- _SUPPLIED INFORMATION_
■ ■ ■
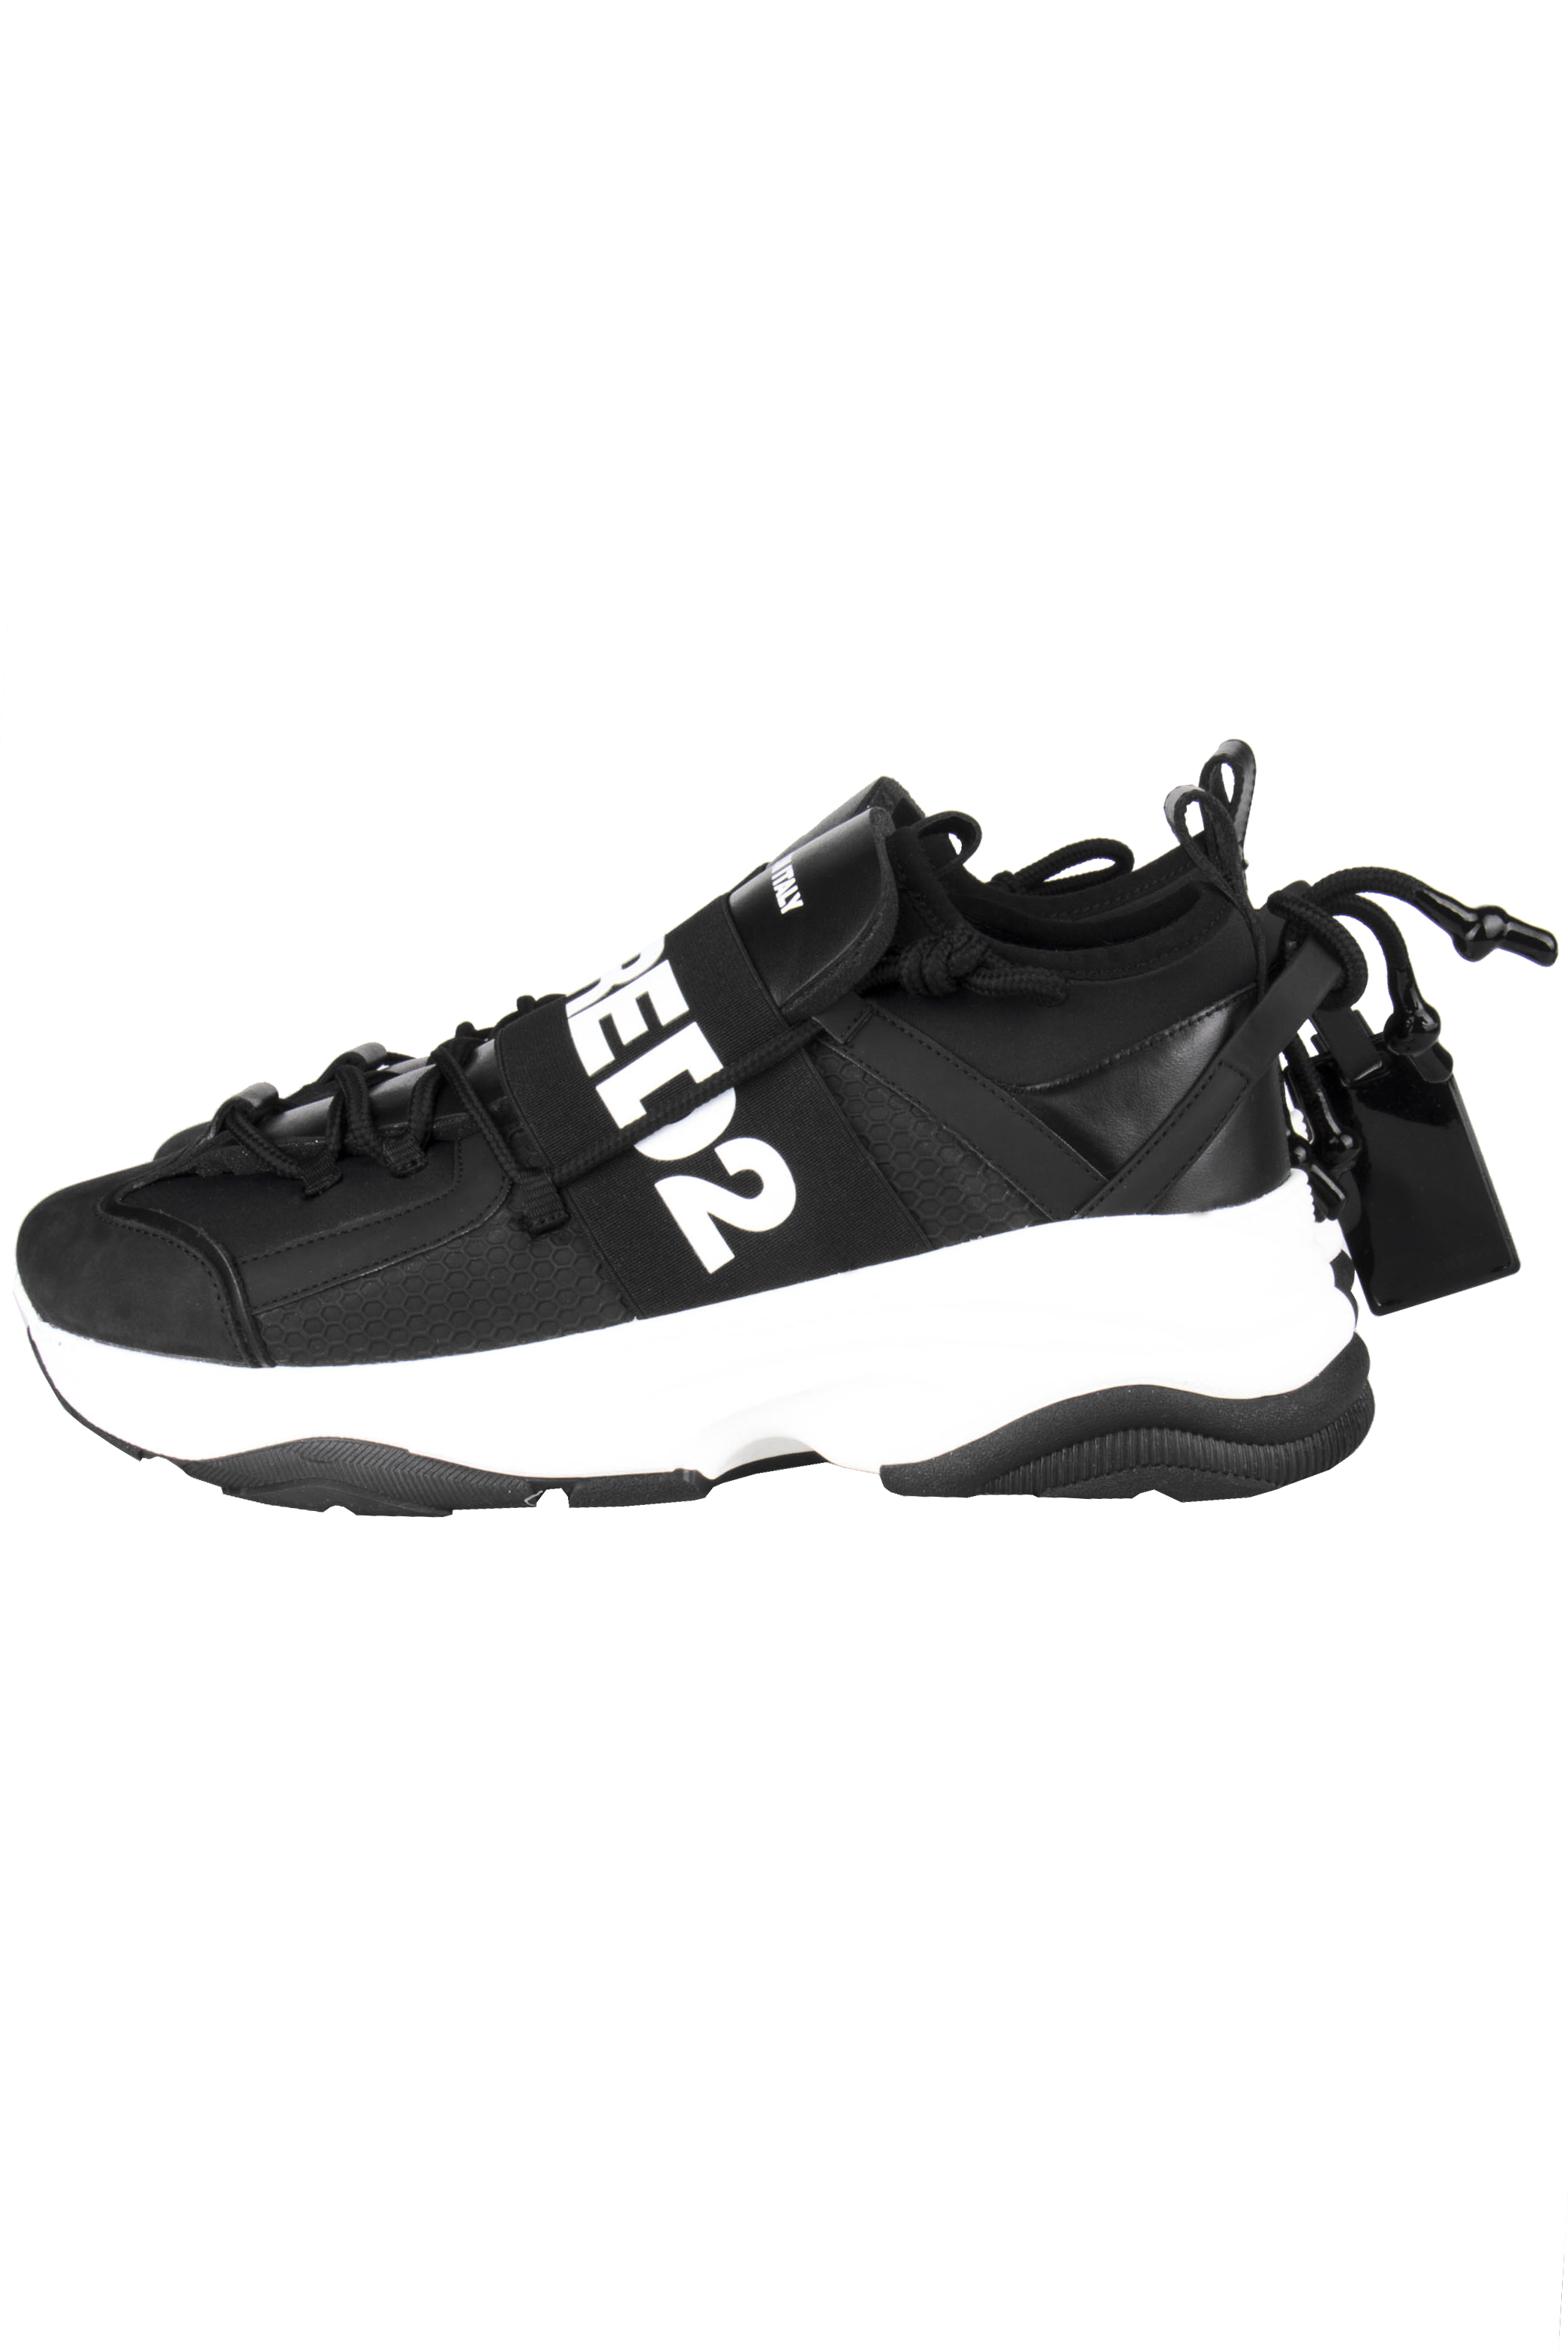 DSQUARED2 D-Bumpy One Sneakers 
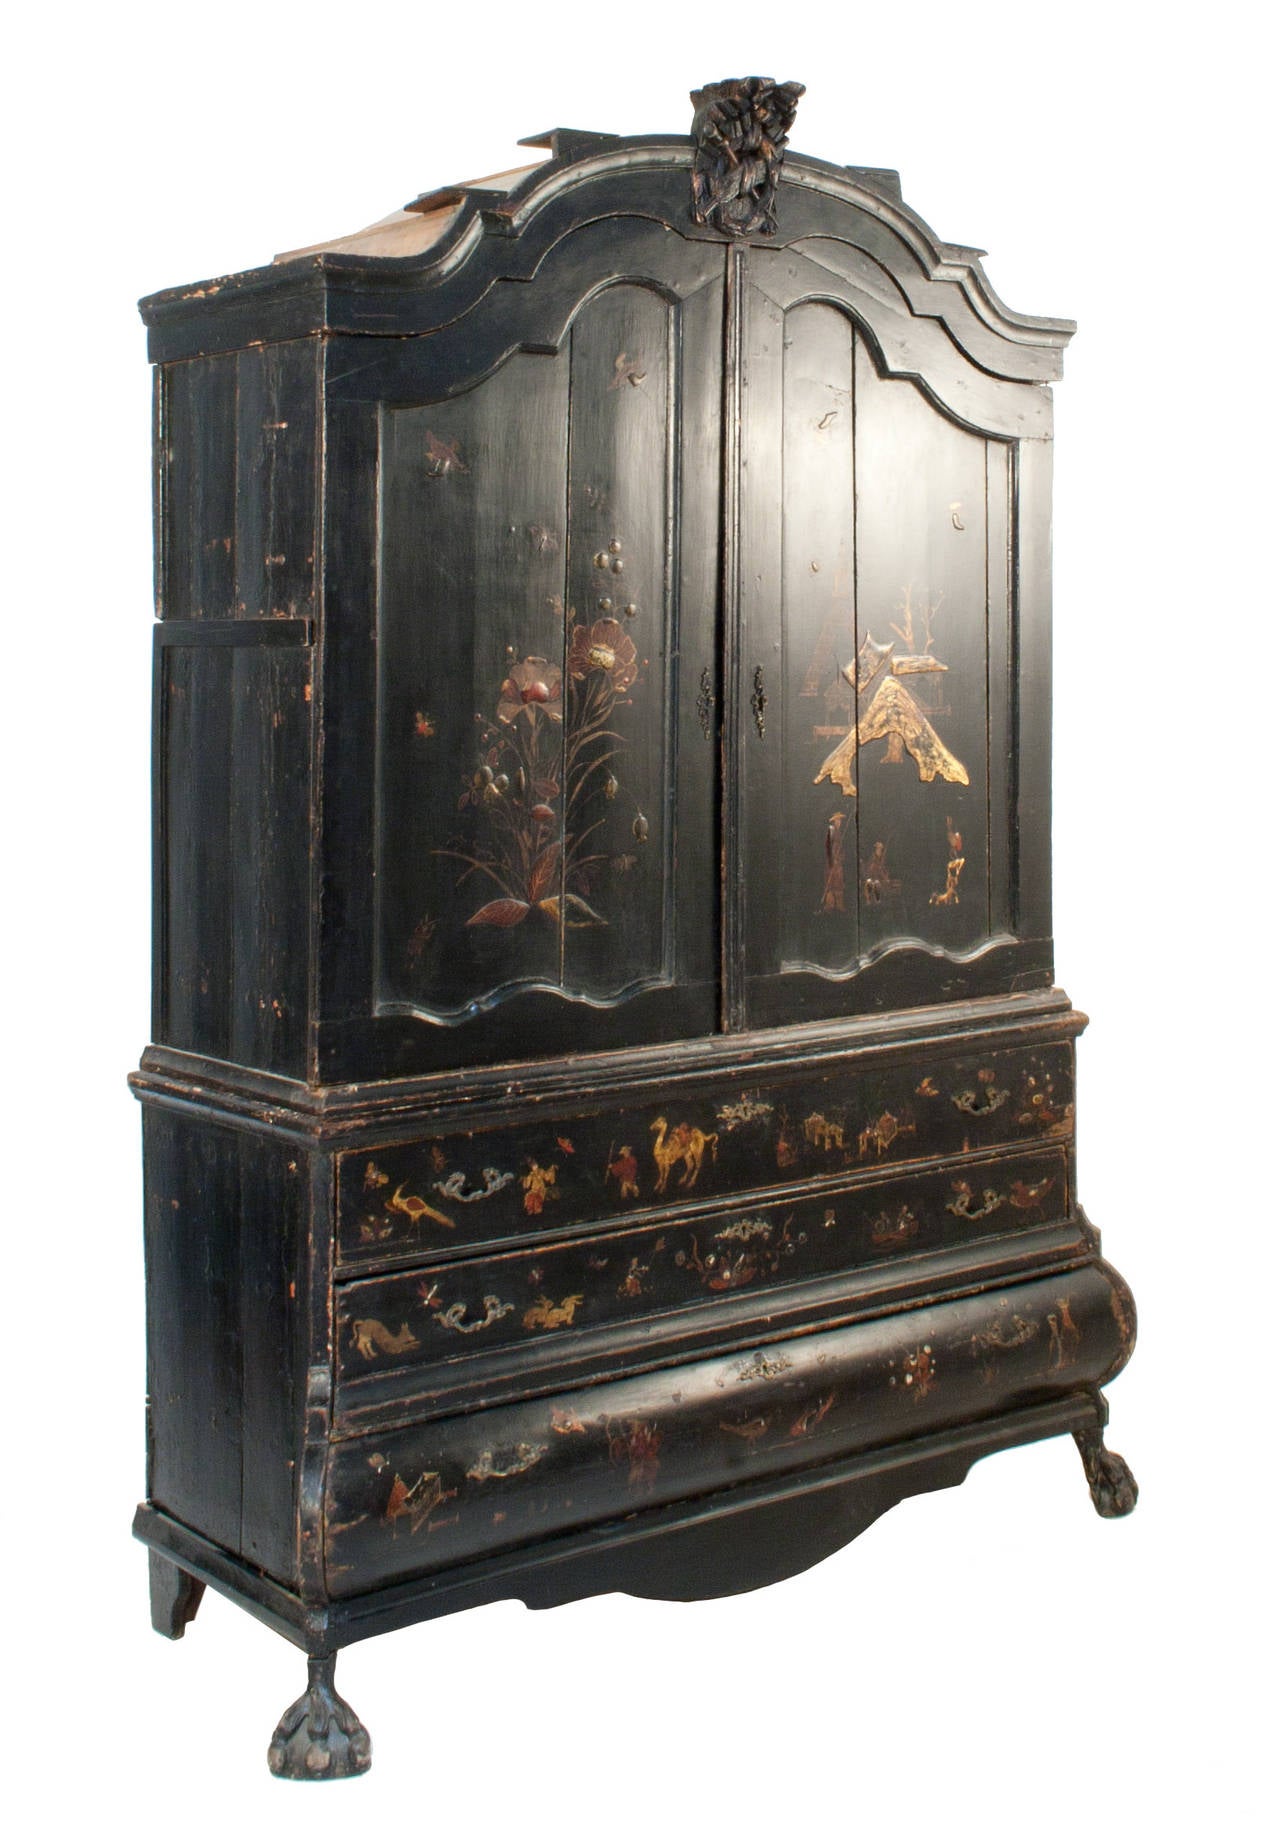 Ebonized Baroque cabinet with chinoiserie. This piece is one of the early examples in Sweden of the new found influence from the orient. Extremely rare and created around the time the Chinese Pavilion was built on the grounds of the Swedish Royal
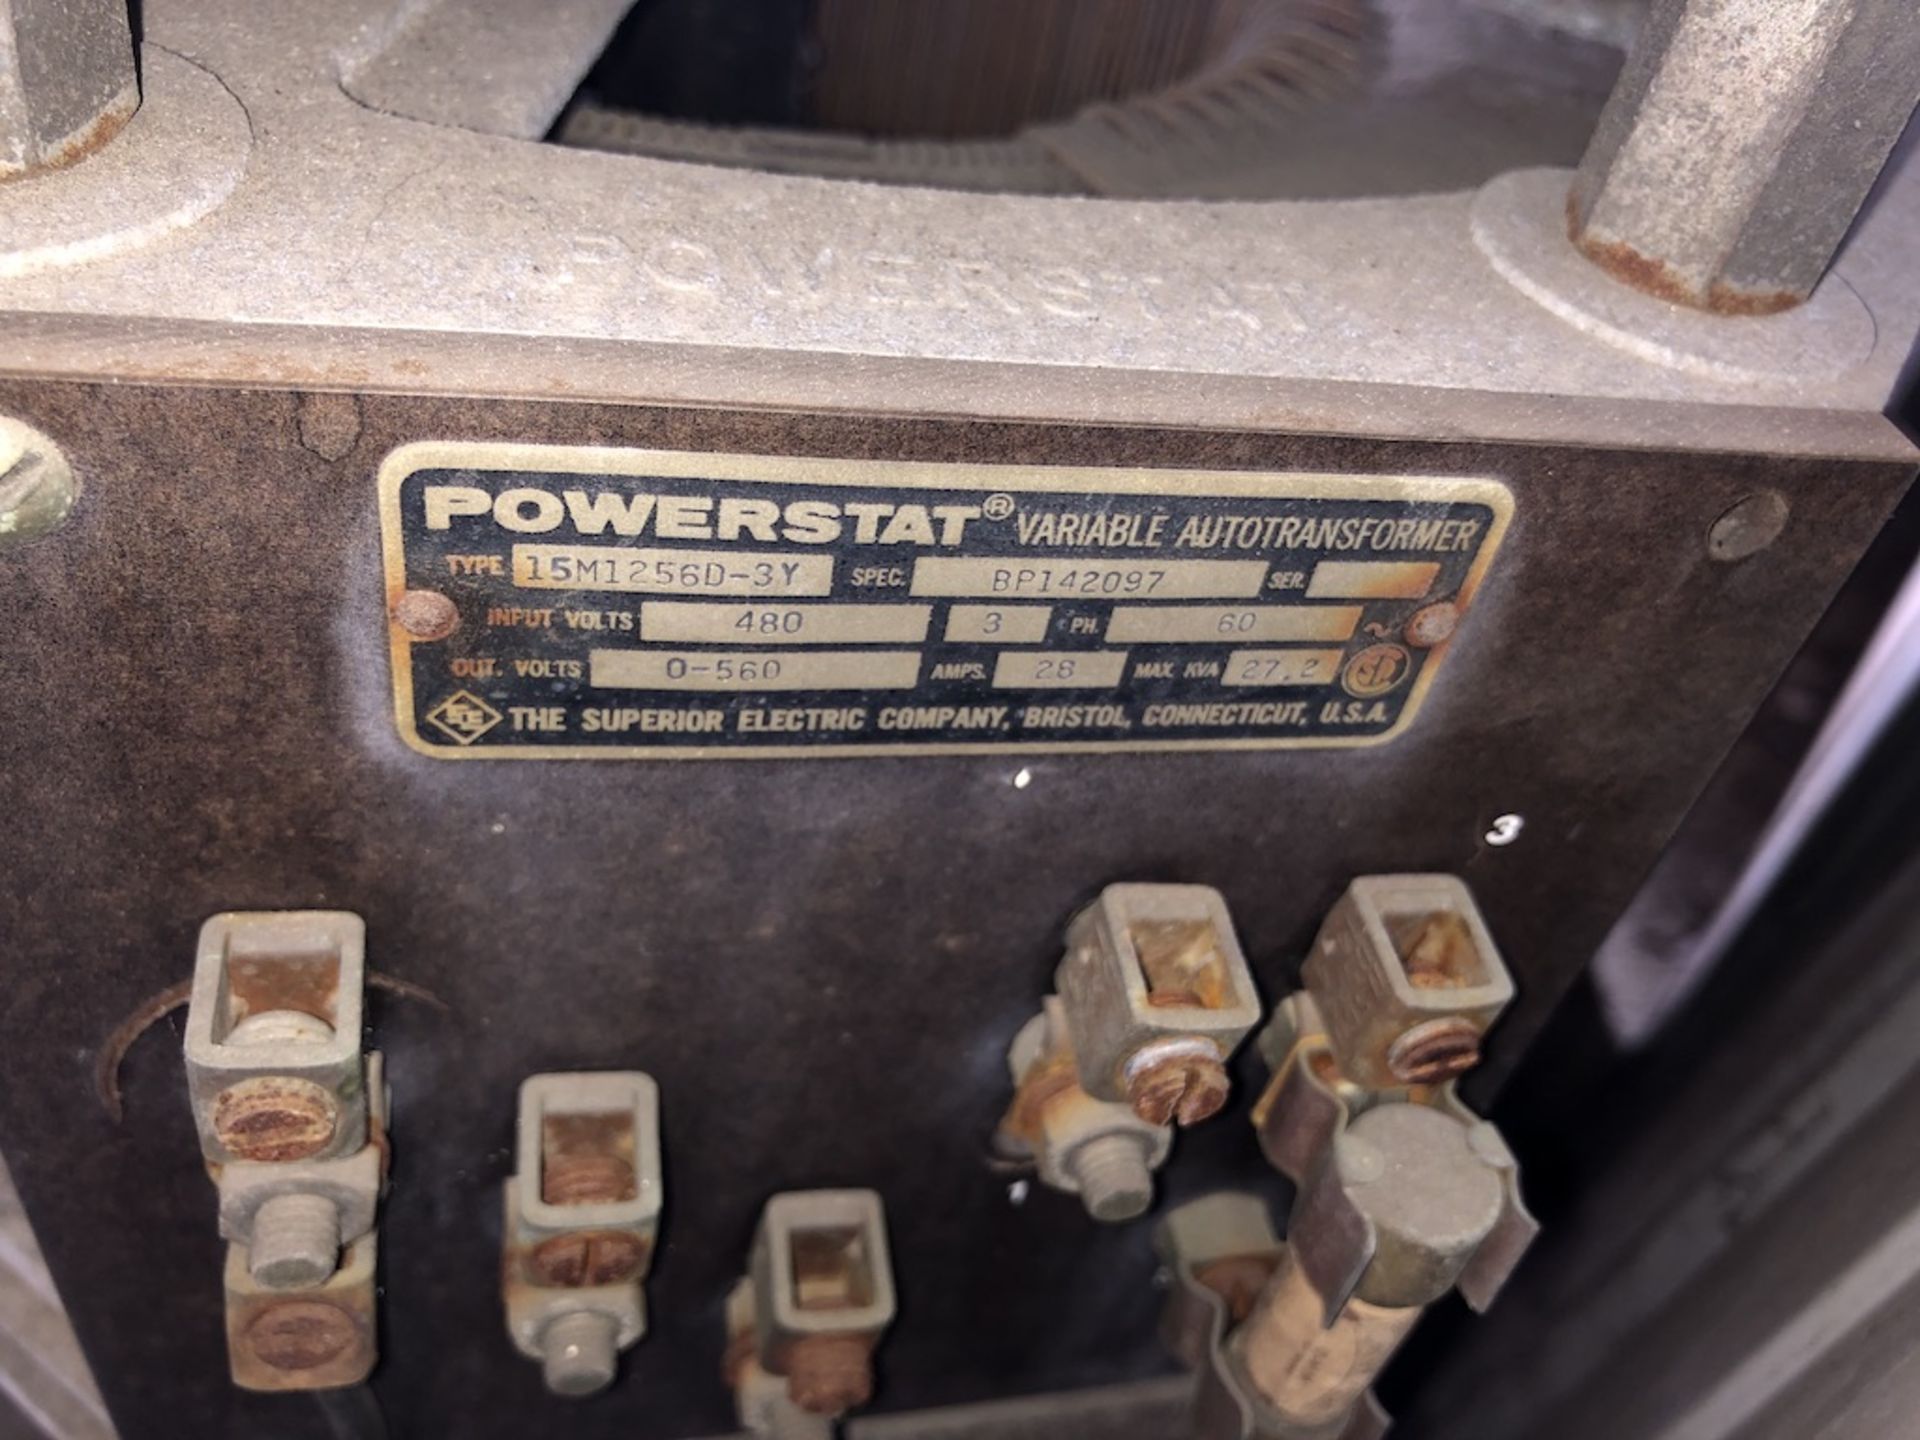 QTY OF 2 ITEMS: POWERSTAT 15M1256D-3Y VARIABLE AUTOTRANSFORMER INPUT VOLTS: 480, PHASE 3; FURNANCE - Image 4 of 4
■ ■ ■
- _EXERCISE OBJECTIVE_
Retype only the lines from the line with "Ebonized Baroque cabinet" through the last line of the data. Keep both ends and skip the pictures.

- _EXERCISE RESULT_
 Ebonized Baroque cabinet with chinoiserie. This piece is one of the early examples in Sweden of the new found influence from the orient. Extremely rare and created around the time the Chinese Pavilion was built on the grounds of the Swedish Royal
 QTY OF 2 ITEMS: POWERSTAT 15M1256D-3Y VARIABLE AUTOTRANSFORMER INPUT VOLTS: 480, PHASE 3; FURNANCE - Image 4 of 4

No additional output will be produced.